### Task brief:
In the data below, find the line containing "The ‘Prestleigh’ from" and the line containing "1-207th trains in", then reproduce them and every line between, exactly. Omit pictures.

### Given entries:
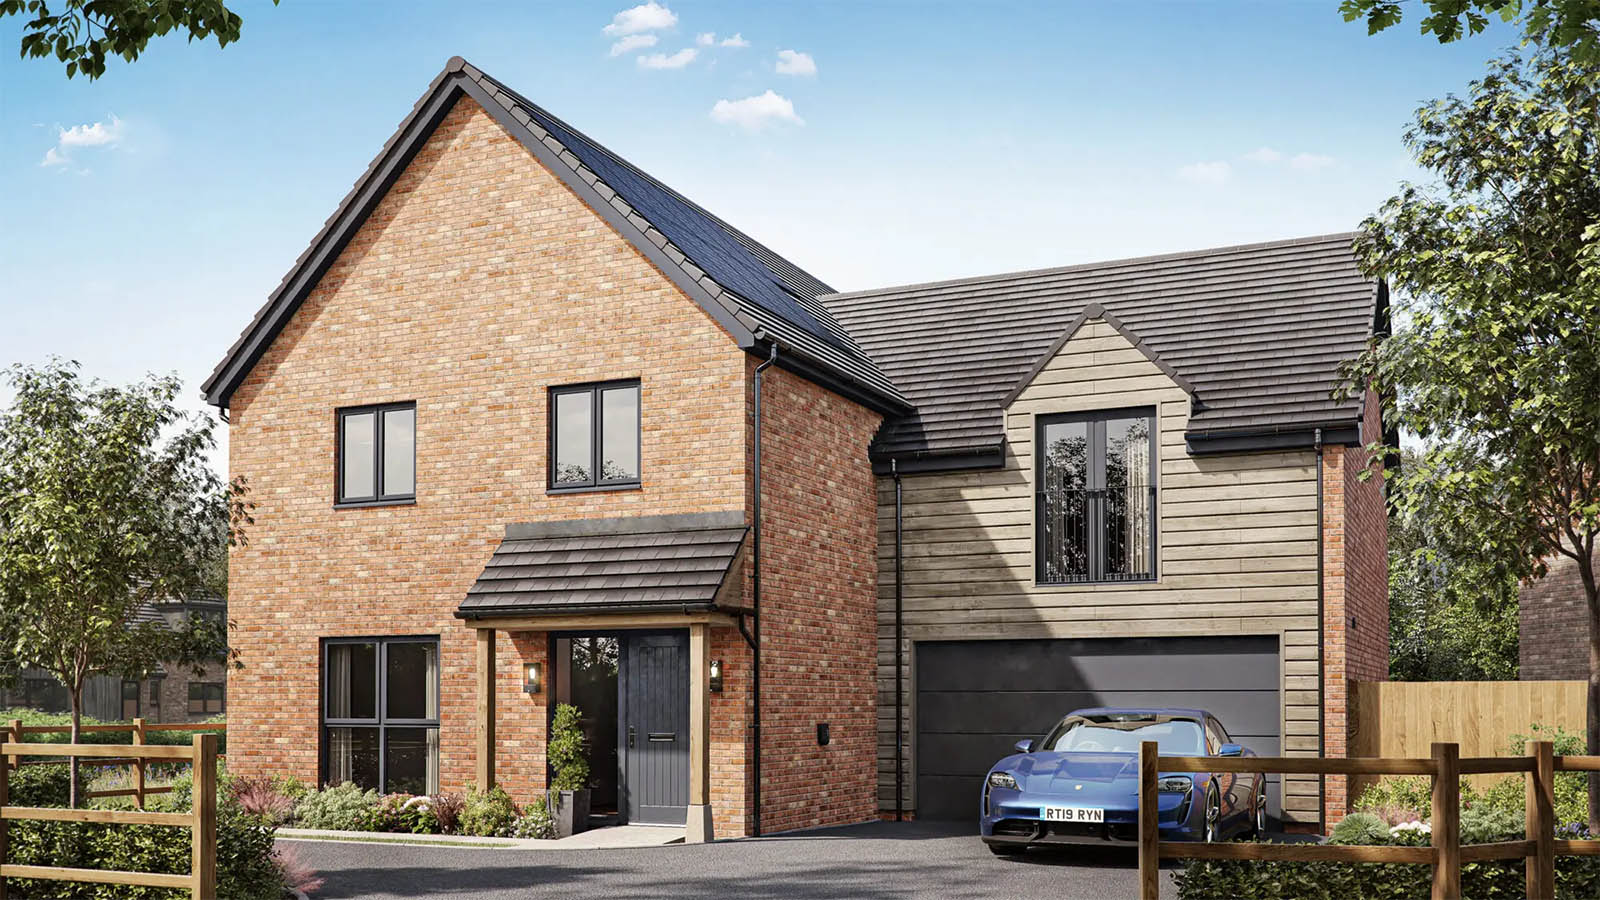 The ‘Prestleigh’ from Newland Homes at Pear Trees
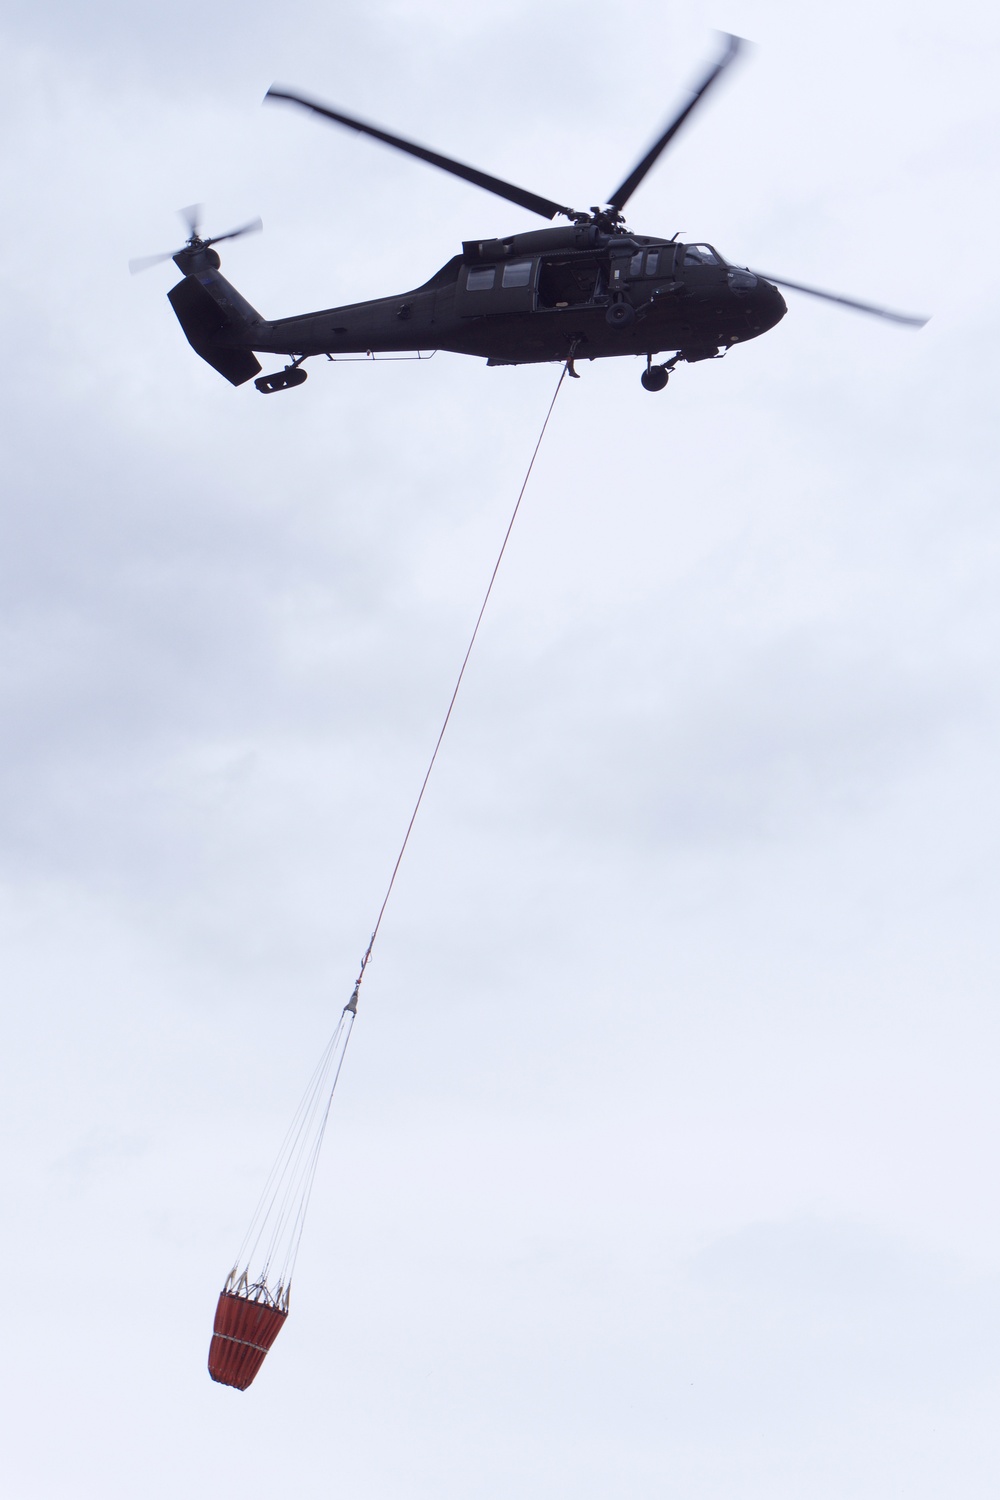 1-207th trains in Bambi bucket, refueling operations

...

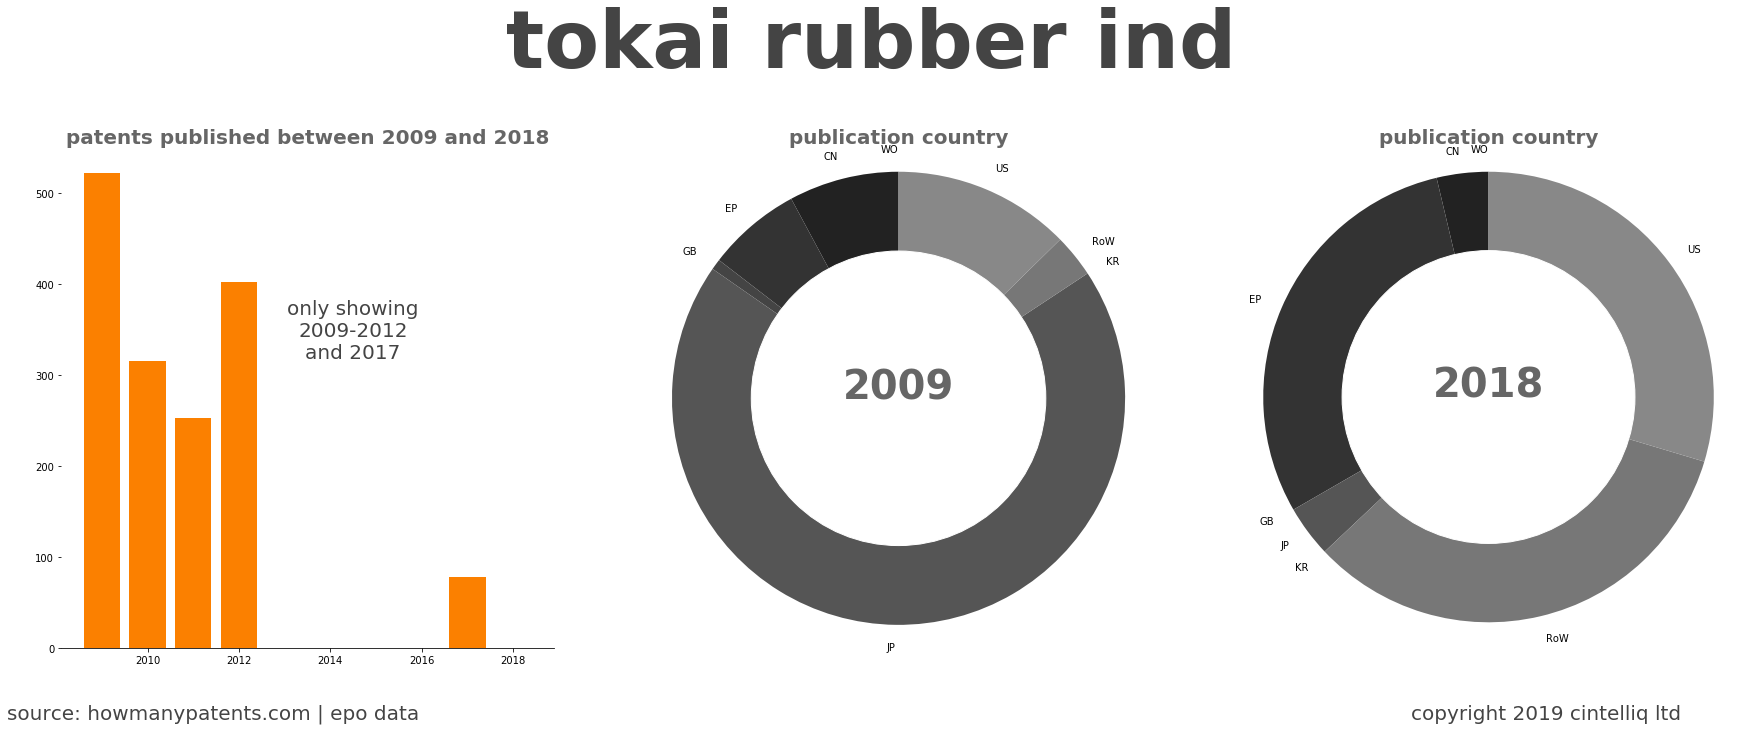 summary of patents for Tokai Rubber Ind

### Written answer:
 The ‘Prestleigh’ from Newland Homes at Pear Trees
 1-207th trains in Bambi bucket, refueling operations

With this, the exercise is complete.